EU Referendum


Brexit: Juncker the loser


15/09/2016




As Mr Juncker was keen to remind us yesterday, next year is the 60th anniversary of the Treaty of Rome. In fact, the signing was on 25 March 1957 so the 25 March next year would be a good day for Mrs May to invoke Article 50. The symbolism would be hard to beat.

But, in time, yesterday – 14 September 2016 - was the day that future historians will mark down as the date when the European Union confirmed its downwards trajectory into obscurity.

This was the day when it needed a Commission President to pull the "colleagues" together, offering a new breadth of vision and a unifying theme that would re-energise the project. But, instead of rising to the challenge, Junker sank to it – offering a bureaucratic potpourri bound up in leaden prose, delivered in languages and translated into twenty more.

The speech was so unremarkable that it was remarkable for being almost totally unmemorable, the only really unusual thing about it being that fact that the "authorised version" differed significantly from the version as delivered. Missing completely from the authorised version was any reference to the UK or Brexit.
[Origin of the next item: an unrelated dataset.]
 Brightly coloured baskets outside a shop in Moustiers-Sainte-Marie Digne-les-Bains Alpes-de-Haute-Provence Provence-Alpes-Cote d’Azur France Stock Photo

Even in the accompanying "letter of intent", addressed to Martin Schulz and to Prime Minister Robert Fico (Slovakian holder of the EU's rotating presidency), there was only one reference to the UK. This had Juncker declaring: "Though the outcome of the referendum in the UK affects us all, it must not dominate our agenda for the next years".

In the actual speech, as delivered, Juncker conceded that the European Union had been battered by the referendum and the decision to leave had been a "wake-up call", it would not threaten its existence. "The EU as such is not at risk", he said.
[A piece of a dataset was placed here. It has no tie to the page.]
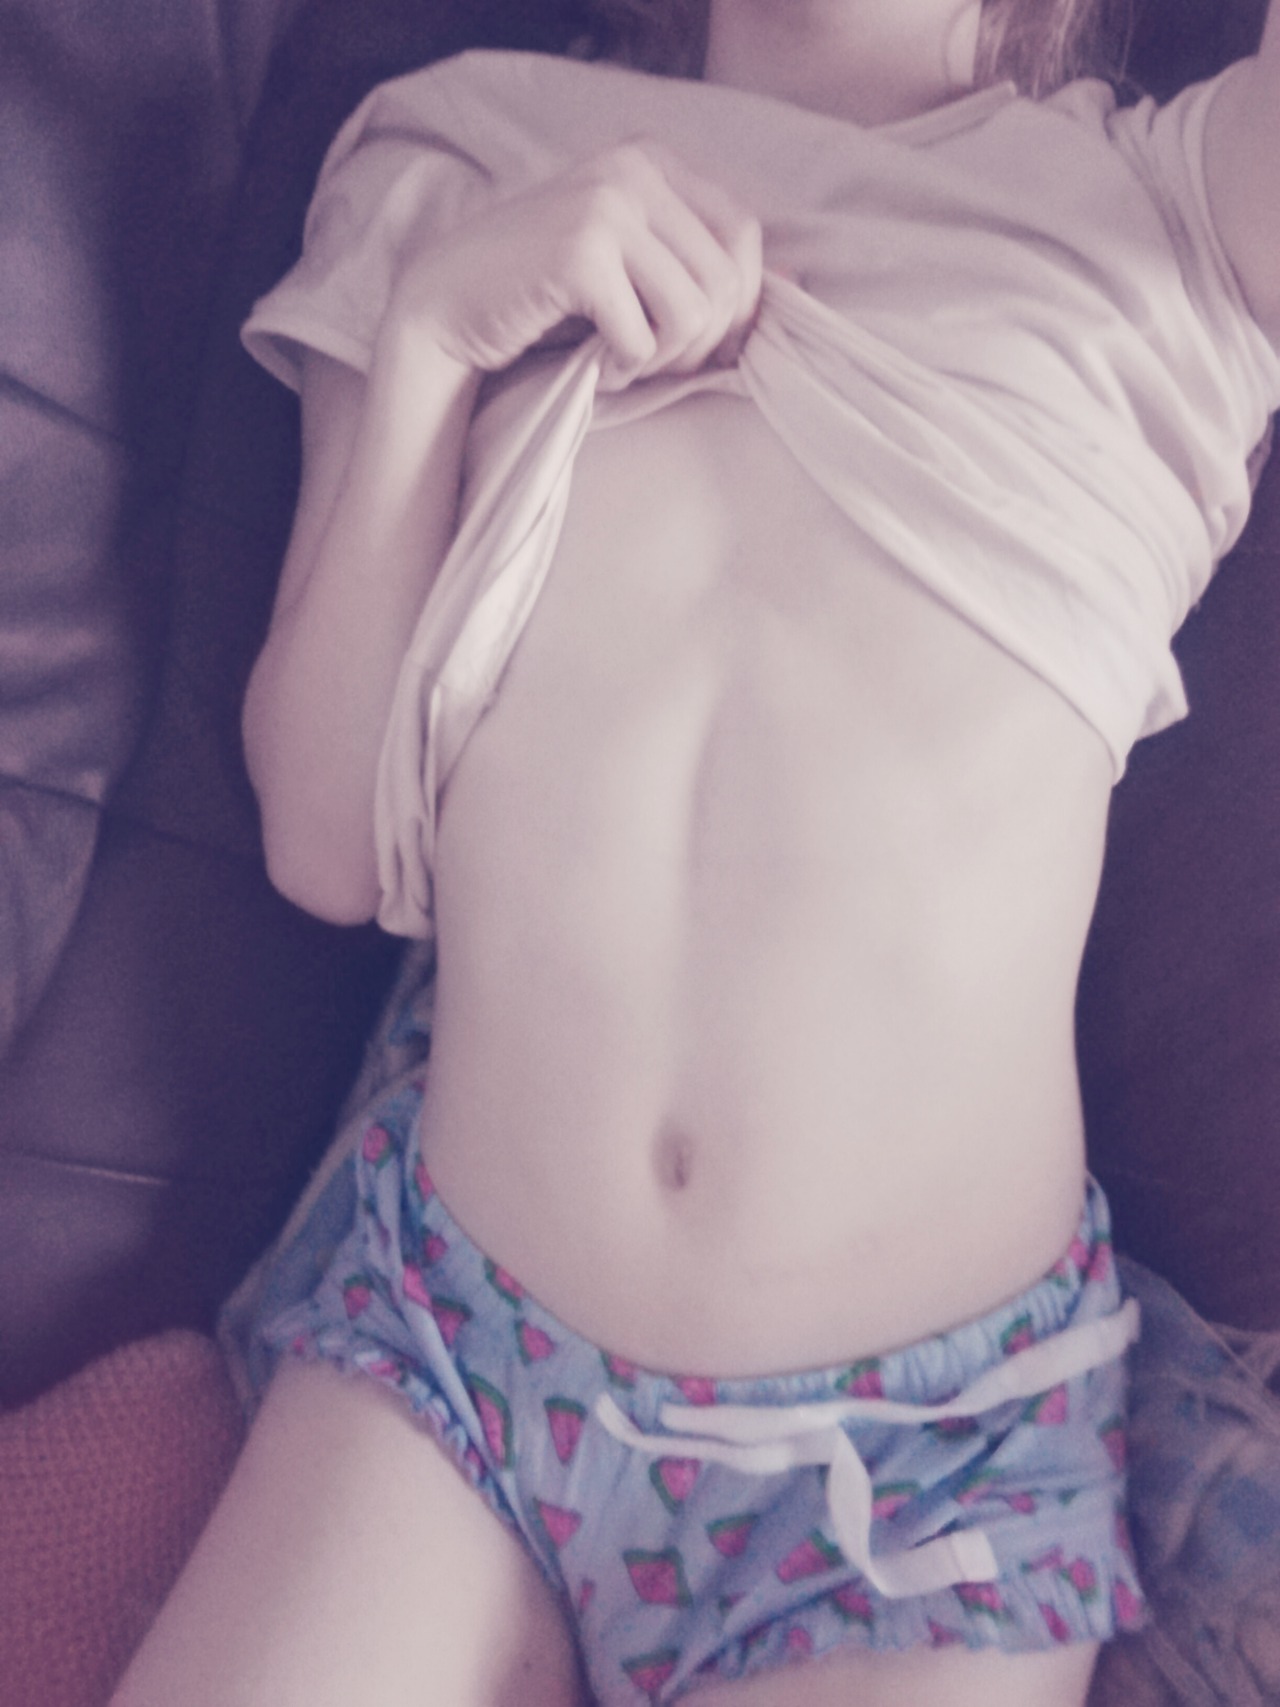 teen femboy nude tumblr

Later, almost apologetically, Juncker tucked in an intriguing reference the Five Presidents' Report, saying that the agenda was still in place, with the Commission setting out a "vision for the future" in a White Paper, in good time for the Treaty of Rome anniversary.

But, by then it will be too late. Nine months will have passed since the Brexit referendum result – the gestation period of a human child – enough time for all the stresses and resentments to bubble to the surface, with no vision to counter them.

Charting the progressive decline will be an exercise in applied tedium as the failures of the project are laid bare. Sadly for the Union, though, Juncker has already written its epitaph. He did that yesterday, observing: "never before have I seen such little common ground between our Member States. So few areas where they agree to work together".

"Never before", he added, "have I heard so many leaders speak only of their domestic problems, with Europe mentioned only in passing, if at all. Never before have I seen representatives of the EU institutions setting very different priorities, sometimes in direct opposition to national governments and national Parliaments. It is as if there is almost no intersection between the EU and its national capitals any more".

"Never before", he continued, "have I seen national governments so weakened by the forces of populism and paralysed by the risk of defeat in the next elections. Never before have I seen so much fragmentation, and so little commonality in our Union".

But, if he identified the problems, his solutions were the dusty, unimaginative fare of a bureaucrat. Being kinder to him than he deserved, EU Observer suggested that he was "a wise man lost in details".

In fact, this was supposed to be his come-back speech, after "a difficult summer marked by criticism over his sometimes erratic behaviour". He risked falling into the same trap old trap of making promises that he can't keep. But, says EU Observer, if he was betting that his come-back speech alone would mark a come back, he might well lose.

Actually, he has already lost. This was the speech of a loser - Mr Juncker is not the man to save the Union. The hour cometh, but the man didn't. That means the only way out is down.